Your objective: Among the entries below, find the line with "ce79def499 Armada Aspect", then quote it and each following line up to and including the line with "Рakt1939.mil.ru", and nothing else.

Working data:
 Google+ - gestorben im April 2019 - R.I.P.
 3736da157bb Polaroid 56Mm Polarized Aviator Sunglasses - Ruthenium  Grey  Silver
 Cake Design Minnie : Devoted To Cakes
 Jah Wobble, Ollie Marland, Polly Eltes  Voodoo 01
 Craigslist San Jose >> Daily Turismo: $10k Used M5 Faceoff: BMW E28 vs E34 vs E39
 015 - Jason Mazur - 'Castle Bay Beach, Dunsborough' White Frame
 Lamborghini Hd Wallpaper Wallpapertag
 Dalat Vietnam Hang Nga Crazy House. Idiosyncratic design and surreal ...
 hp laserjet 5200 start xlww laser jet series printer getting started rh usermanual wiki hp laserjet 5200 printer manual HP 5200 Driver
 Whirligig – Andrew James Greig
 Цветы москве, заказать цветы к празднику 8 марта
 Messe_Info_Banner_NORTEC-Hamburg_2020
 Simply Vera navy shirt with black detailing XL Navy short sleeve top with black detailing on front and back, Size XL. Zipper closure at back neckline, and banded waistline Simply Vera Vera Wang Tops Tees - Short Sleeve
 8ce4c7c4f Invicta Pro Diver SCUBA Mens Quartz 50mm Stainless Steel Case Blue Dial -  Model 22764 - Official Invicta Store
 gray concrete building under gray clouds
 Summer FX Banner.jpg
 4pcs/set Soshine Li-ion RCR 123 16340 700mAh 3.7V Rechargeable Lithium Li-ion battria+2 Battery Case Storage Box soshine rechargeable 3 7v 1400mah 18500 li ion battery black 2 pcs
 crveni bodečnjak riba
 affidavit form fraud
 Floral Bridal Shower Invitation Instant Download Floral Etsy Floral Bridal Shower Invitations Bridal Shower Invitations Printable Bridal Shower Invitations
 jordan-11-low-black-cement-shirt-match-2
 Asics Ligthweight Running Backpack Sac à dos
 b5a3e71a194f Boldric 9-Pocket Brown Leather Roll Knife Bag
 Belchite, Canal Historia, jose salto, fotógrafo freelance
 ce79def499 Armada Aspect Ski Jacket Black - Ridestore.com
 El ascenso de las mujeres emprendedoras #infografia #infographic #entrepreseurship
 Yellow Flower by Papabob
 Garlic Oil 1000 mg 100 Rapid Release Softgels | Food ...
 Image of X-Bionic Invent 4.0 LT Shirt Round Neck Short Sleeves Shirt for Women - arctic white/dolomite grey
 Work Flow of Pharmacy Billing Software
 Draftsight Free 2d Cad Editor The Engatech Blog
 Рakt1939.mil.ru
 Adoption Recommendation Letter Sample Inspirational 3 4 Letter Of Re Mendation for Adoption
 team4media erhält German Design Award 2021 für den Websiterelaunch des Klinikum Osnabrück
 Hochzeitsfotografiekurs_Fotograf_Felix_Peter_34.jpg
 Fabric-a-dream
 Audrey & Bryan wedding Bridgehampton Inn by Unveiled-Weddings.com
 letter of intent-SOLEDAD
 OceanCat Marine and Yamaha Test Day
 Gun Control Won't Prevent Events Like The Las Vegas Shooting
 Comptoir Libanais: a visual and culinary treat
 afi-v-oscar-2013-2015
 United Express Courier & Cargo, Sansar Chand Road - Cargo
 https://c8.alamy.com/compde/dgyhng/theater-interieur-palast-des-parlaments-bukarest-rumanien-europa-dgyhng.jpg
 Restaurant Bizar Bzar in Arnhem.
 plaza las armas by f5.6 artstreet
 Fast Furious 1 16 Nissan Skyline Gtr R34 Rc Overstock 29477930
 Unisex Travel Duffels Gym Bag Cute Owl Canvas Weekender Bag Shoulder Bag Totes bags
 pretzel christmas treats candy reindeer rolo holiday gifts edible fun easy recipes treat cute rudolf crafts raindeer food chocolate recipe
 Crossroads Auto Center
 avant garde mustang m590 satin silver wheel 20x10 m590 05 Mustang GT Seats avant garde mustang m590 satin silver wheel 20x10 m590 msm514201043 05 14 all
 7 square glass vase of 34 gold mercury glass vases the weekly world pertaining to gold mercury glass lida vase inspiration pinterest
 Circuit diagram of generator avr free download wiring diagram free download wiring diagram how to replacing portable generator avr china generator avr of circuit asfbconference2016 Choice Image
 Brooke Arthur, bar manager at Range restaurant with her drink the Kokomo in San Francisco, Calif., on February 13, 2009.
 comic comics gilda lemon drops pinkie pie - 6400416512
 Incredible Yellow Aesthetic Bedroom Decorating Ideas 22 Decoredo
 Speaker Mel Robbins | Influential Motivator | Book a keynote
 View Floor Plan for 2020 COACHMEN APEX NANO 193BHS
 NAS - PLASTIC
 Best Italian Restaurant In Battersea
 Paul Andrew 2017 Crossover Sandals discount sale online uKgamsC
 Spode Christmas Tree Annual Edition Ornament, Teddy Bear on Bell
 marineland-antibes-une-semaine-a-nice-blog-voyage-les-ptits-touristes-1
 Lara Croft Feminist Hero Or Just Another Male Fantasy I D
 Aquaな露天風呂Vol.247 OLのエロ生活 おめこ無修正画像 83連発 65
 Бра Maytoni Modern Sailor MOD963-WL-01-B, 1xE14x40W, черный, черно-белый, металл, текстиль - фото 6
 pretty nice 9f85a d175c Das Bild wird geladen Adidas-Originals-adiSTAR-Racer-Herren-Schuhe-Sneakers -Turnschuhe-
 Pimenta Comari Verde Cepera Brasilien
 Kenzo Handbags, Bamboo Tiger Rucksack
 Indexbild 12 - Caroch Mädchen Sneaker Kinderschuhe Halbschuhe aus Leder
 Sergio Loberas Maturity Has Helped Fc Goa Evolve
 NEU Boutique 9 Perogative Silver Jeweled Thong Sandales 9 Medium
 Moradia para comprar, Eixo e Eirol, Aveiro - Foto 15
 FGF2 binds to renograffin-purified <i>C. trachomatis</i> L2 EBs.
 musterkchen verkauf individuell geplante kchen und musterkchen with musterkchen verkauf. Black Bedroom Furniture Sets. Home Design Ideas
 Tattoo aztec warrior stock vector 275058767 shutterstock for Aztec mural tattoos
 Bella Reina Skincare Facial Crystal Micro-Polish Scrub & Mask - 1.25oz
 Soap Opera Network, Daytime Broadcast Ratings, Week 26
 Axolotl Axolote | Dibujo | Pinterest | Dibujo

Exercise response:
 ce79def499 Armada Aspect Ski Jacket Black - Ridestore.com
 El ascenso de las mujeres emprendedoras #infografia #infographic #entrepreseurship
 Yellow Flower by Papabob
 Garlic Oil 1000 mg 100 Rapid Release Softgels | Food ...
 Image of X-Bionic Invent 4.0 LT Shirt Round Neck Short Sleeves Shirt for Women - arctic white/dolomite grey
 Work Flow of Pharmacy Billing Software
 Draftsight Free 2d Cad Editor The Engatech Blog
 Рakt1939.mil.ru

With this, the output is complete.